Bequests leaving lasting legacies
Generous bequest results in new Auckland Bioengineering Institute scholarship
The legacy of a remarkable couple with ‘uncommon courage’ will help Professor Thor Besier and other researchers improve the lives of those with movement disorders.
Carlo Fiorentino and Julie Thornley, who were both born with cerebral palsy, have left their estate worth $1 million to the Auckland Bioengineering Institute (ABI).
Article from University of Auckland by Margo White
This is the first bequest made to the ABI in its 20 years. It was made after Carlo heard Professor Thor Besier interviewed on RNZ’s Nine to Noon about the ABI team’s research into the musculoskeletal system and disorders that affect it. He asked to meet Thor, which he did in 2020.
“It was such a privilege to meet and spend time with Carlo,” says Thor. “His attitude towards living a full life was inspirational.
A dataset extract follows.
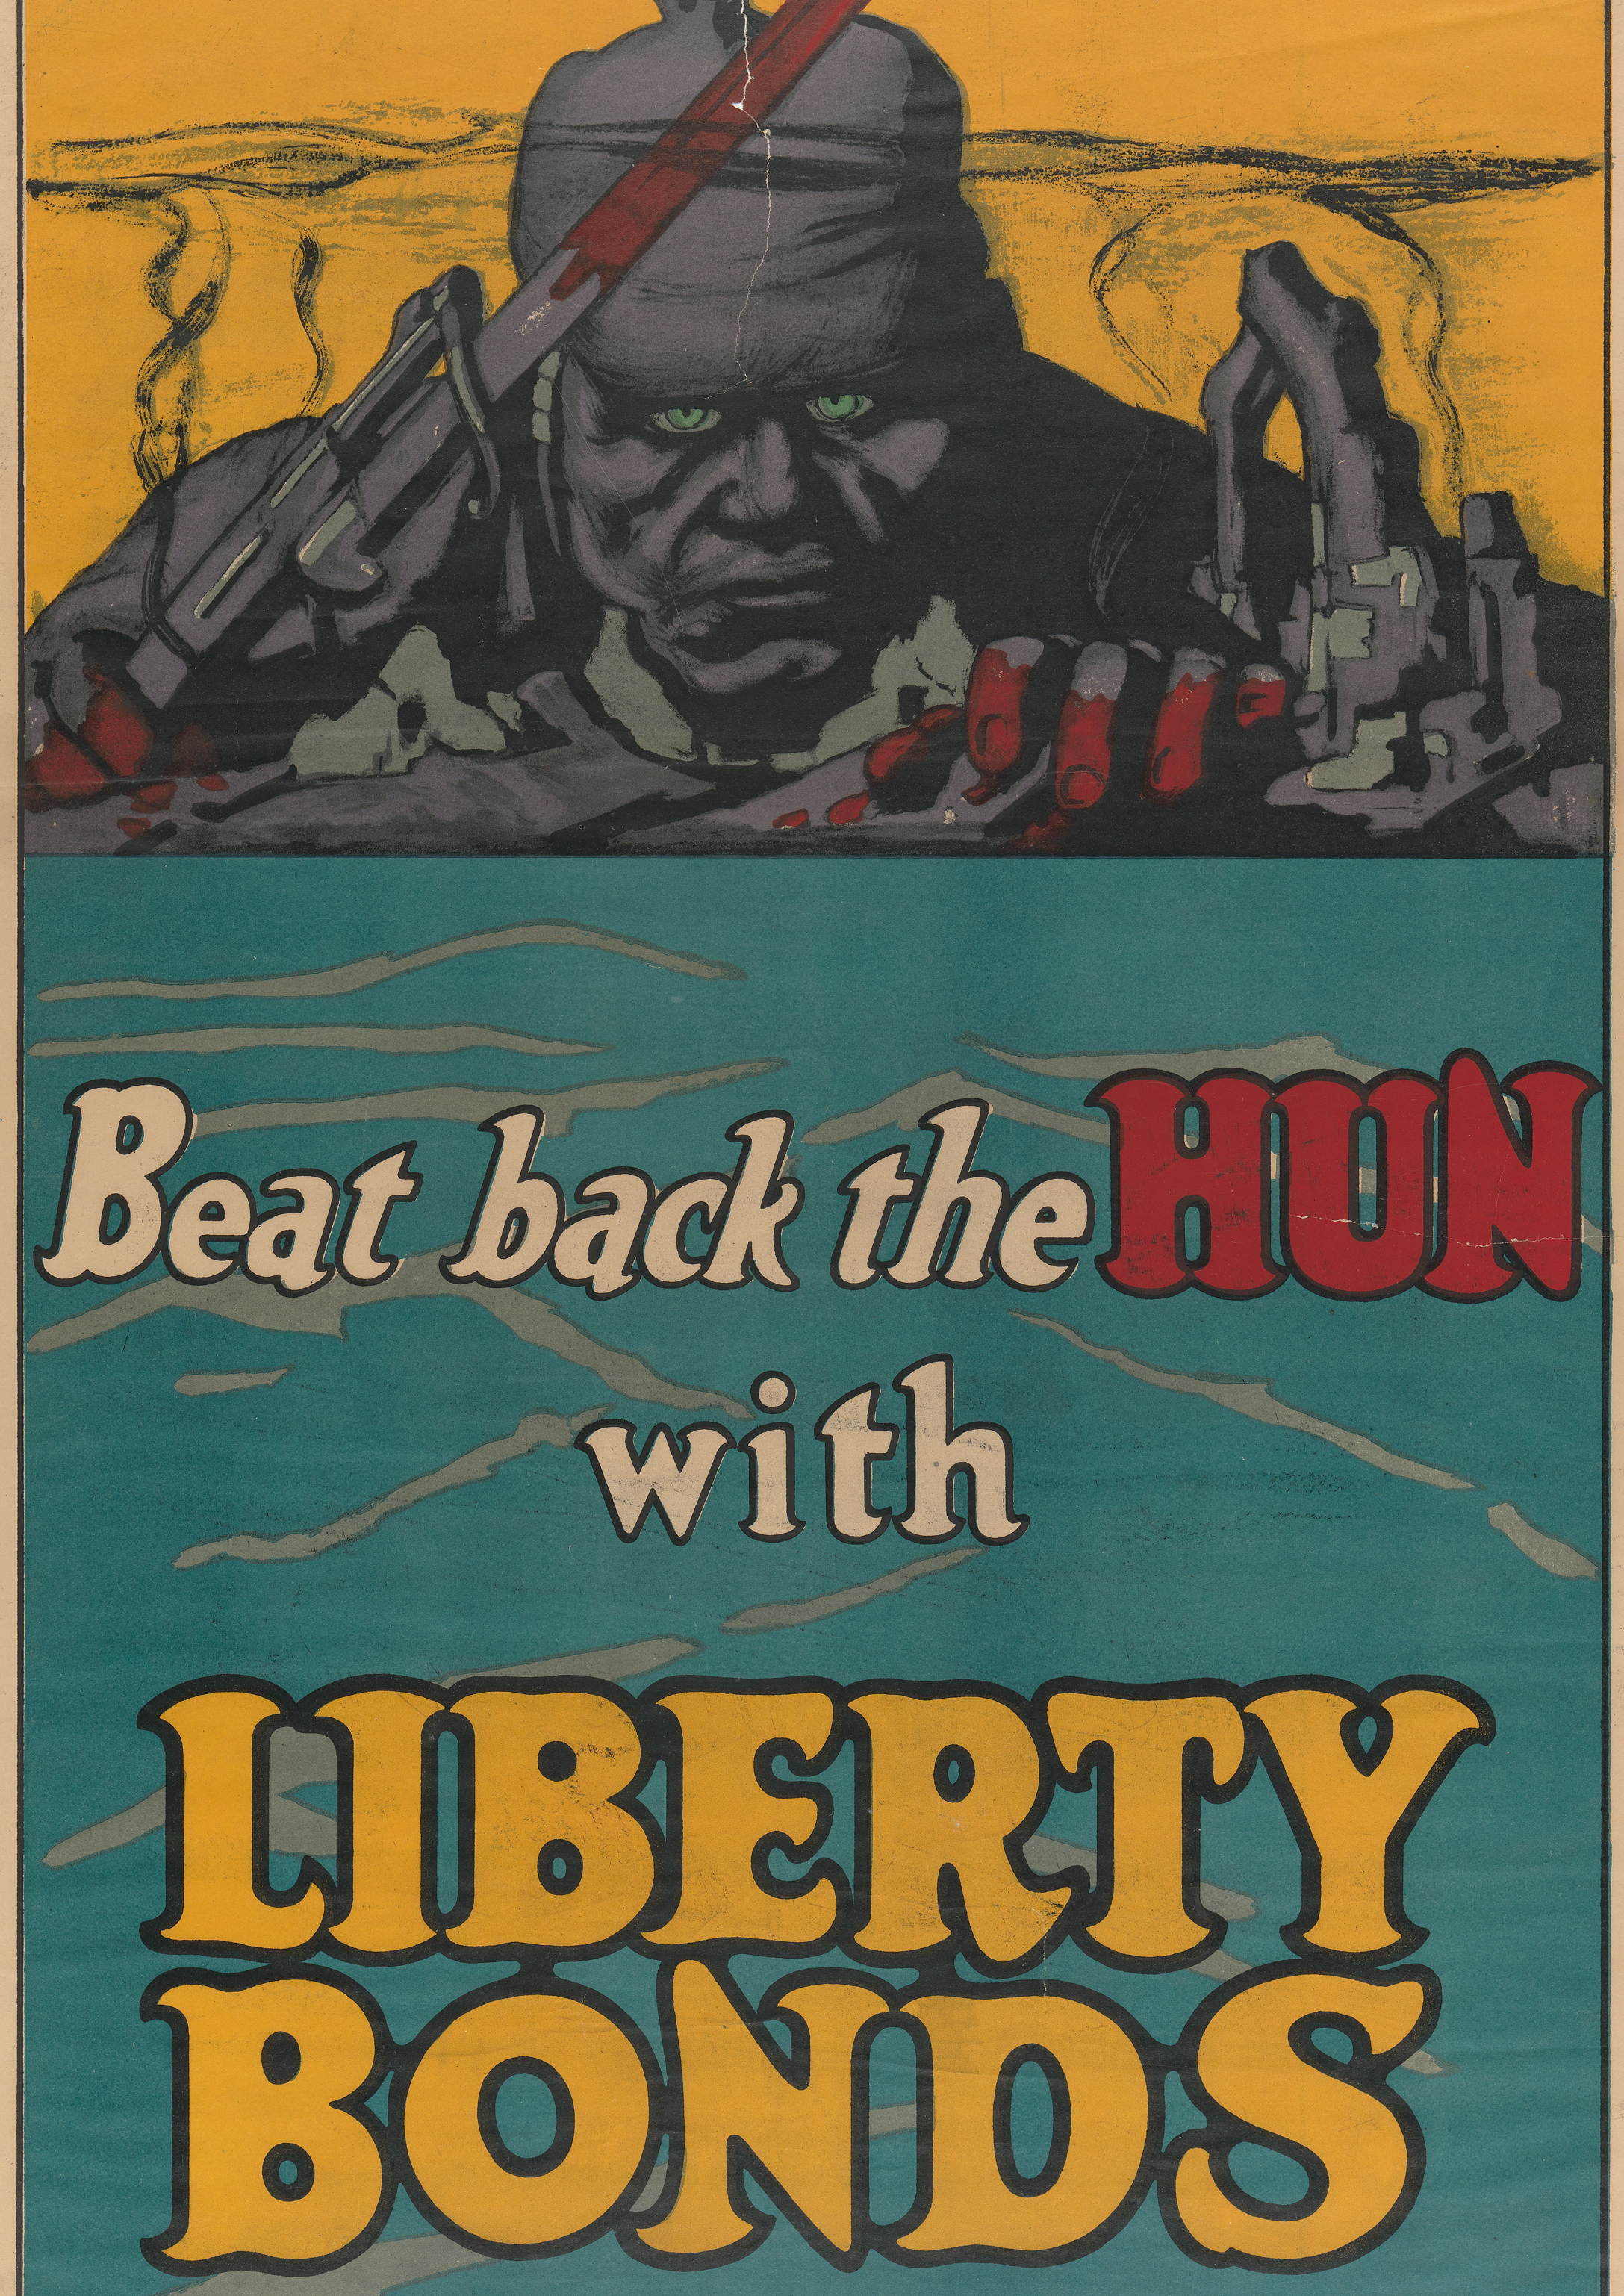 Liberty Bonds advertisement 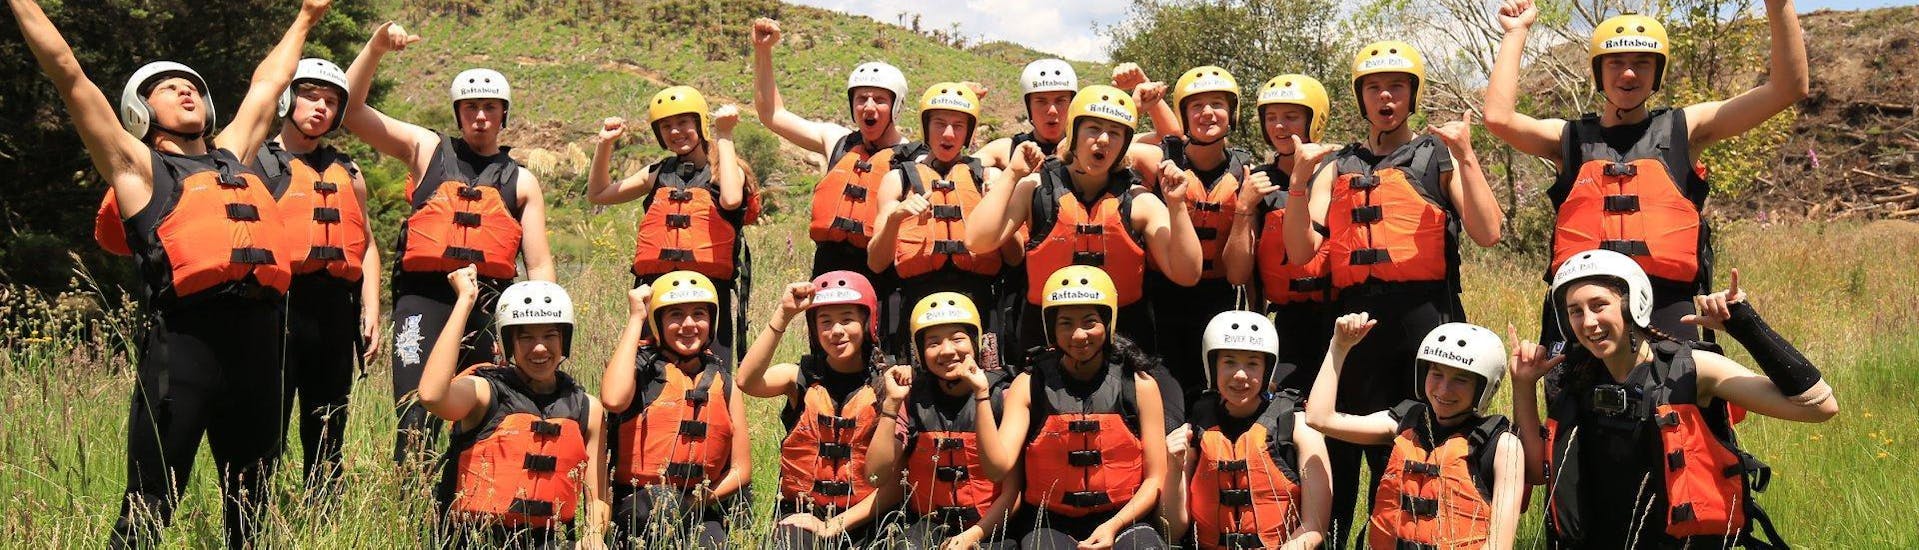 The tour participants prepare for their rotorua rafting waterfall experience summer tour of River Rats Rotorua Raft & Kayak.

He particularly enjoyed the enthusiasm of the early career researchers and postgraduate students who are wanting to make a difference for people like himself.”
Cerebral palsy is caused by damage to parts of the brain before, during and after childbirth, and it affects a person’s ability to control movement, balance and posture. The lesions that cause the disease are static, but the musculoskeletal systems of those with the condition worsen over time and impairs their ability to walk.
Using imaging techniques and computational modelling, Thor and the team aim to better understand how and why this happens. This will help them identify what interventions could be made to lessen or prevent that progression.
Jane Carrigan was Carlo and Julie’s friend and disability advocate for more than a decade and, recently, the executor of their will.
“Carlo and Julie lived uncommon lives, with uncommon courage,” she says. “They did so with dignity and joy, notwithstanding, in their later years, their almost complete dependence on third parties.”
Carlo was born in Nelson in 1949, and Julie in Wellington in 1953. As young children they both spent time at Queen Elizabeth Hospital in a specialist cerebral palsy unit at Rotorua, although they didn’t meet till later at the Pukeroa Home for disabled young people in Hawke’s Bay, when Carlo was 18 and Julie was 14.